Тогда её учили произнести фразу «дядя Костя сидел за рулём», и зазубривая фразу, девочка видела в памяти картинку, где дядя Костя с пассажирского сидения тянет руку к рулю, а машина прёт наискосок, пересекая встречную полосу – прямо в фонарный столб. Это было последним, что она помнила, прежде чем оказалась в больничке.

И вот сидит Лю Лю на горшке (в больницах это носит название судно) – около кровати. В палате на десять или больше человек, почти как в классе. А в дверь сначала заглядывает, а потом целиком протискивается мальчишка. И спрашивает, мол, кто тут такая-сякая – её просют в процедурный кабинет… Лю Лю вызывают в кабинет, а она сидит на горшке и окаменела от стыда. Онемела – в натуре, типа – статУя какающей девочки.
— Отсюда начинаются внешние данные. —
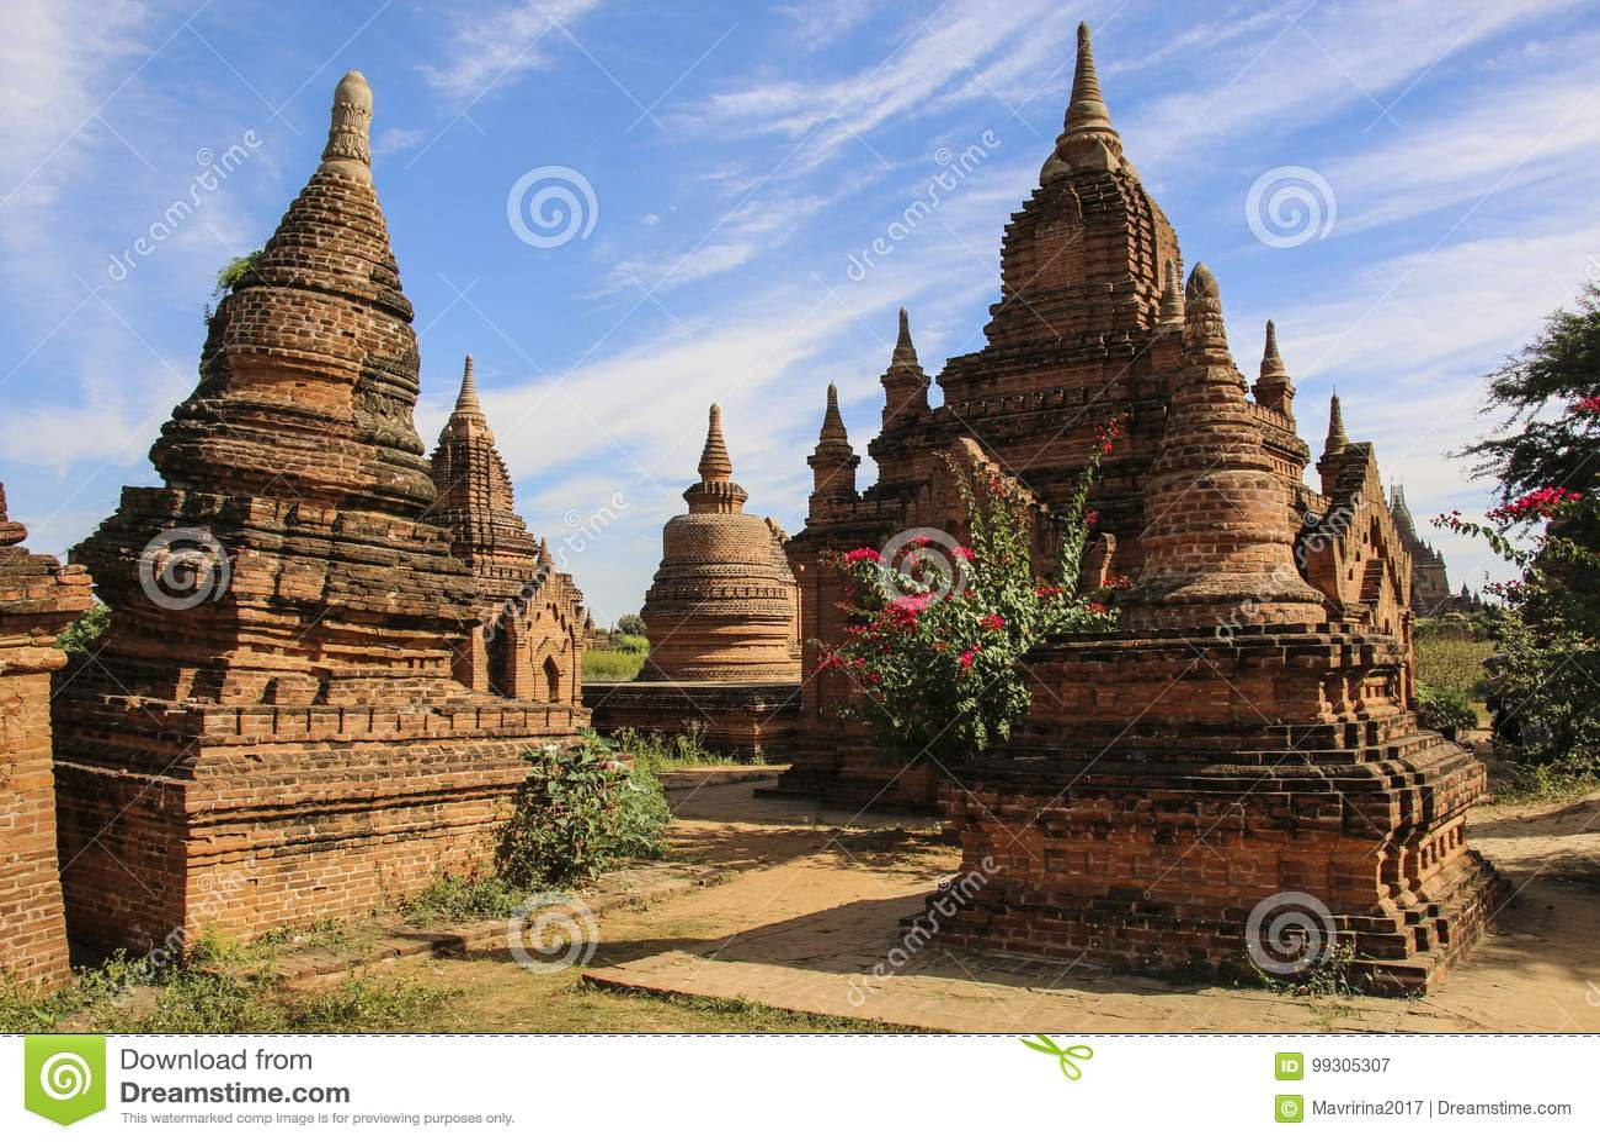 Forntida stupas i den arkeologiska zonen Bagan, Myanmar Burma

А он стоит и смотрит. Ему сказали проводить девочку, потому что ей не разрешают ходить одной. И одновременно все в палате смотрят на Лю Лю.

А Лю Лю потеряла всякую ориентацию, время остановилось, жизнь кончилась – ничего больше не имело значения. Не знаю, может Лю Лю грохнулась в обморок, не помню, что с ней стало. Но на всю жизнь она получила вечный сон, как она на горшке и не может… ни туда-ни сюда…

Такое дело.

Кости мальчишки, наверно, давно истлели, поглощённые наркотическими трипами в компаниях таких же маленьких глупых буратин, а Лю Лю всё продолжает видеть свои до одури опостылевшие сны.

Сидит на судне и смотрит…

Так о чём я? О том чтобы податься в террористки?

Да. Хорошо бы, например, пробраться на частный корпоративчик, на судно – на круизный лайнер по типу New Titanic, заангажированный богатенькими ублюдками, чтобы на частной вечеринке потешиться массовыми оргиями. А тут я – не ждали? А я прилетела! Как незаметная зелёная мушка… – только с небольшой бомбочкой под крылышком…

И?

«Под крылом самолёта о чём-то поёт… зелёное море тайги»…

Но нет… А вот и нет! Про тайгу я вспоминать не буду. Не дождётесь. Тайга, снег по пояс, и непонятно, как по нему ходят. Ногу-то не вытащить… Ну и пусть… мне пофигу… меня там нет.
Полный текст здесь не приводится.